Tuesday, 10 June 2008

Hands up and mouths open wide for the great Fitz(-)Henry DNA study!

A lot of things have occurred since I last posted. Apart from a trip to Winchester and Ashtead to follow up on the leads about William, Barbara and Martha Fitz-Henry, the worldwide Fitz-Henry / Fitzhenry DNA study is now up and running.
Or rather taking a leisurely stroll, as so far there's only one participant (my Dad).

So what's the DNA study all about?

If you're male, the thing that makes you male is a Y chromosome. You inherit it from your father. If you're female, you get an X chromosome from your dad along with the X chromosome that you get from your Mum. In the patronymic manner of name giving, the surname goes from father to son along with the Y chromosome. It doesn't mutate very often so the same genetic fingerprint is passed on over many generations.

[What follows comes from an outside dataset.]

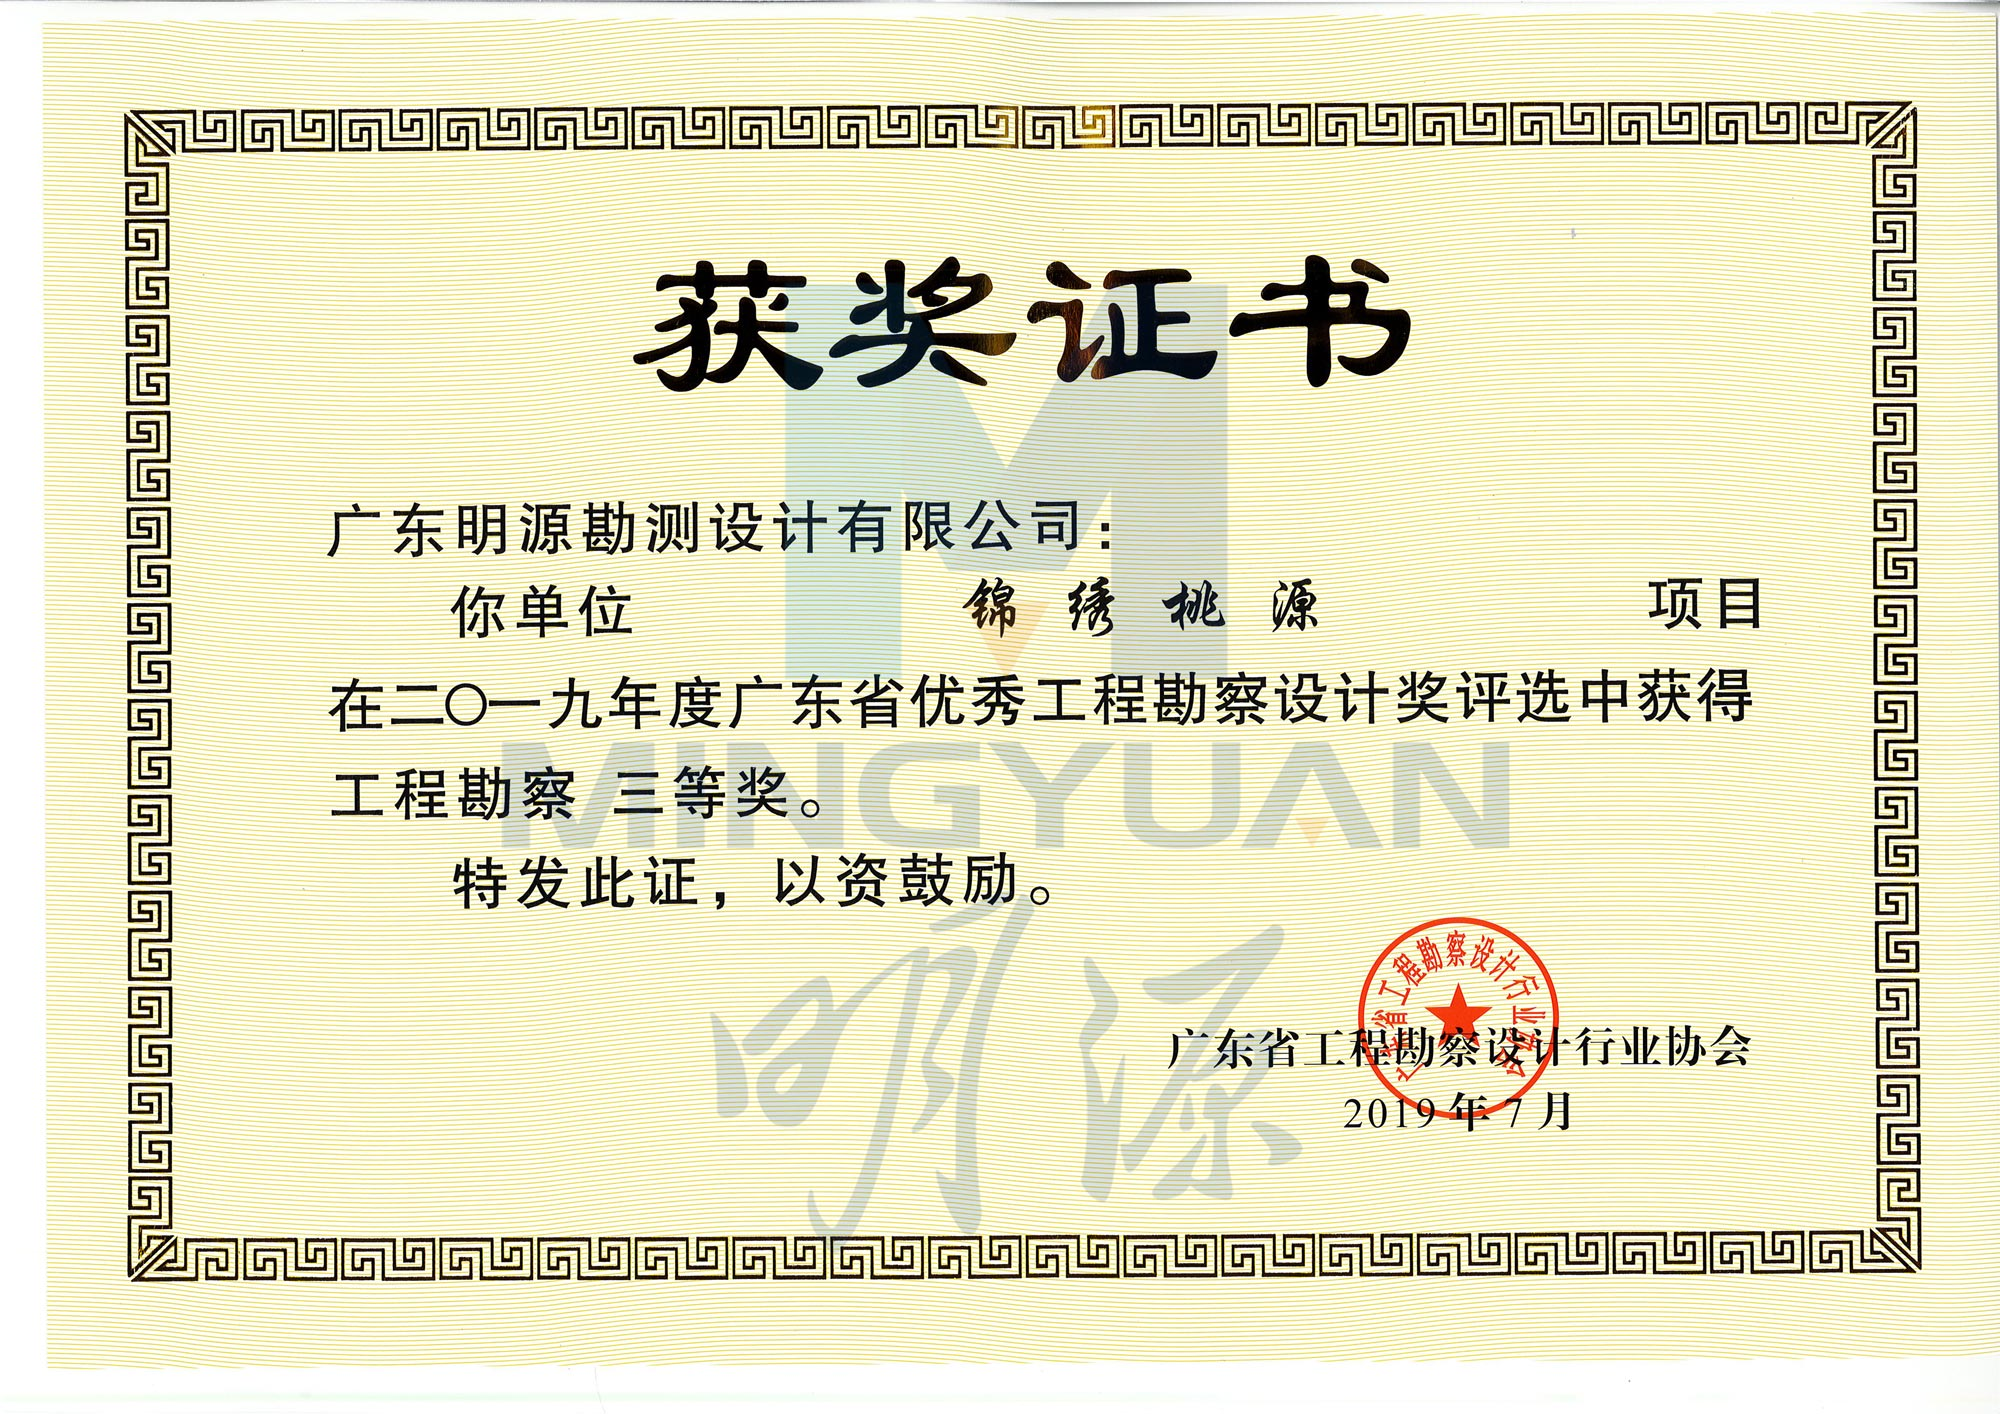 錦繡桃園項目榮獲廣東省2019年優秀工程勘察設計三等獎
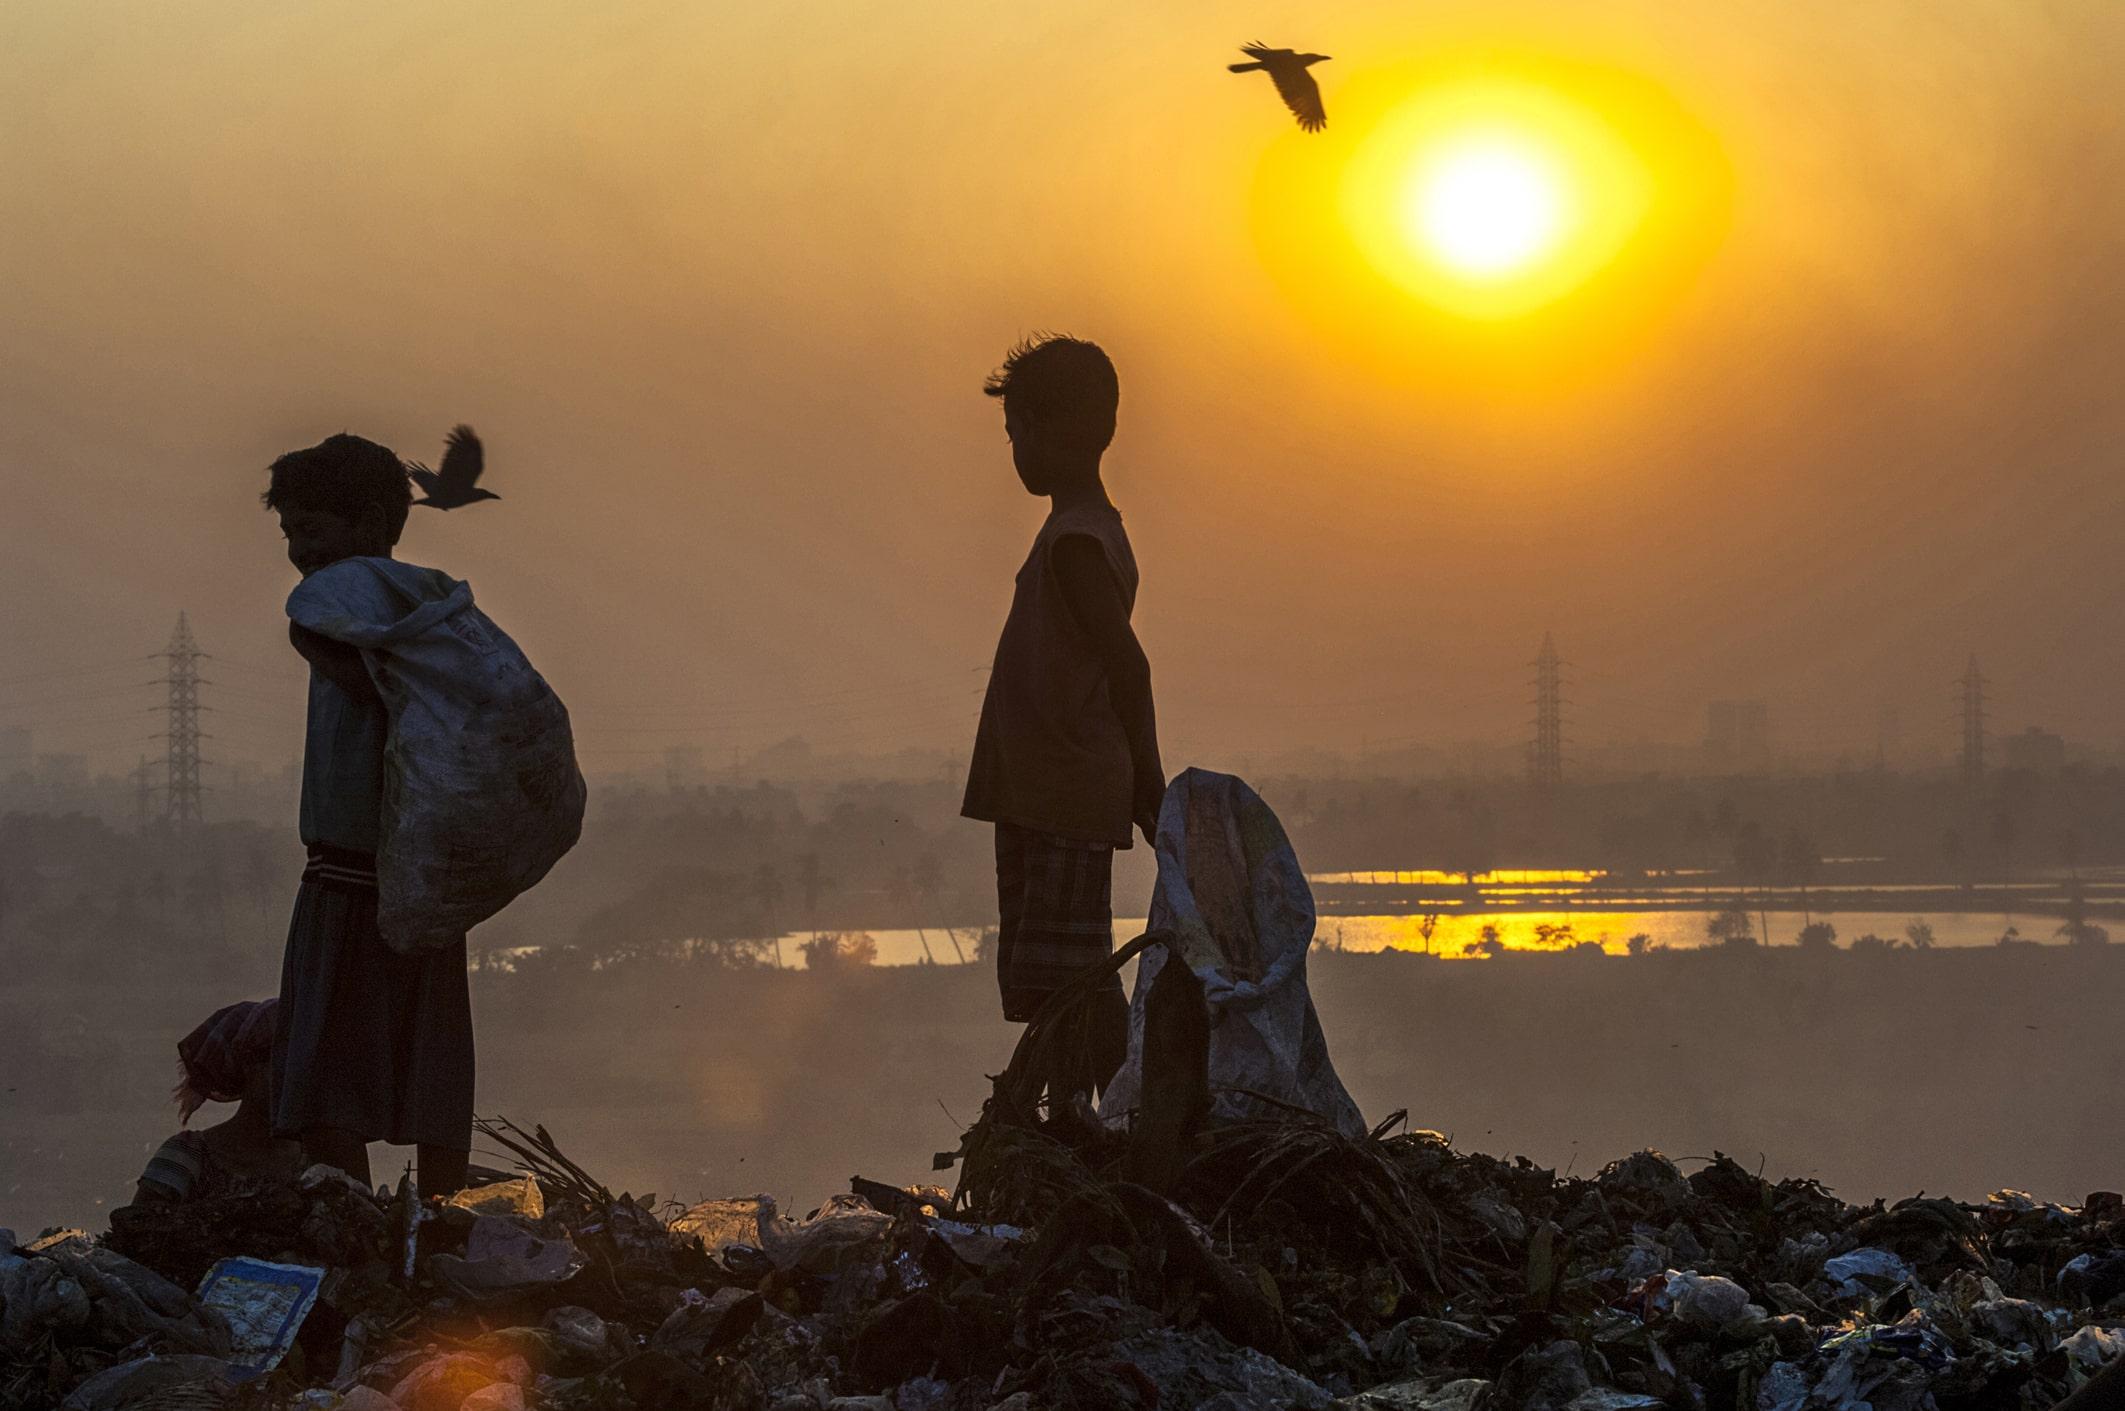 Efectele nefaste ale pandemiei. Sute de milioane de oameni au nevoie de ajutor să supraviețuiască

How does this help in creating an extended family tree and finding out whether different branches are linked?
If you're a Fitz(-)henry in the US, Canada, Australia, Ireland or where-ever, then you may have a common Fitz(-)henry ancestor with me in England. If you have are male, then you can take a DNA test to compare your Fitz(-)henry DNA to the DNA from my tree. If they are a close match, it is very likely that we have a male ancestor in common.

If you are interested in taking part, please take a look at the DNA project page at:

.. and if you want to discuss anything, there is a direct contact email address for me on there. There's no results on there at present as my dad's test is still being processed.

The study is being conducted through FamilyTreeDNA , a well respected genetics firm based in Texas which is hosting most of the DNA studies from Guild of One Name Studies. Unfortunately if you're a woman, you don't have the required Y chromosome (hence I had to test my dad), but you can badger one of your male Fitz(-)henry relatives to take part. If you have been considering getting tested but the price has put you off, there is a discount if you get tested through a One-Name Study.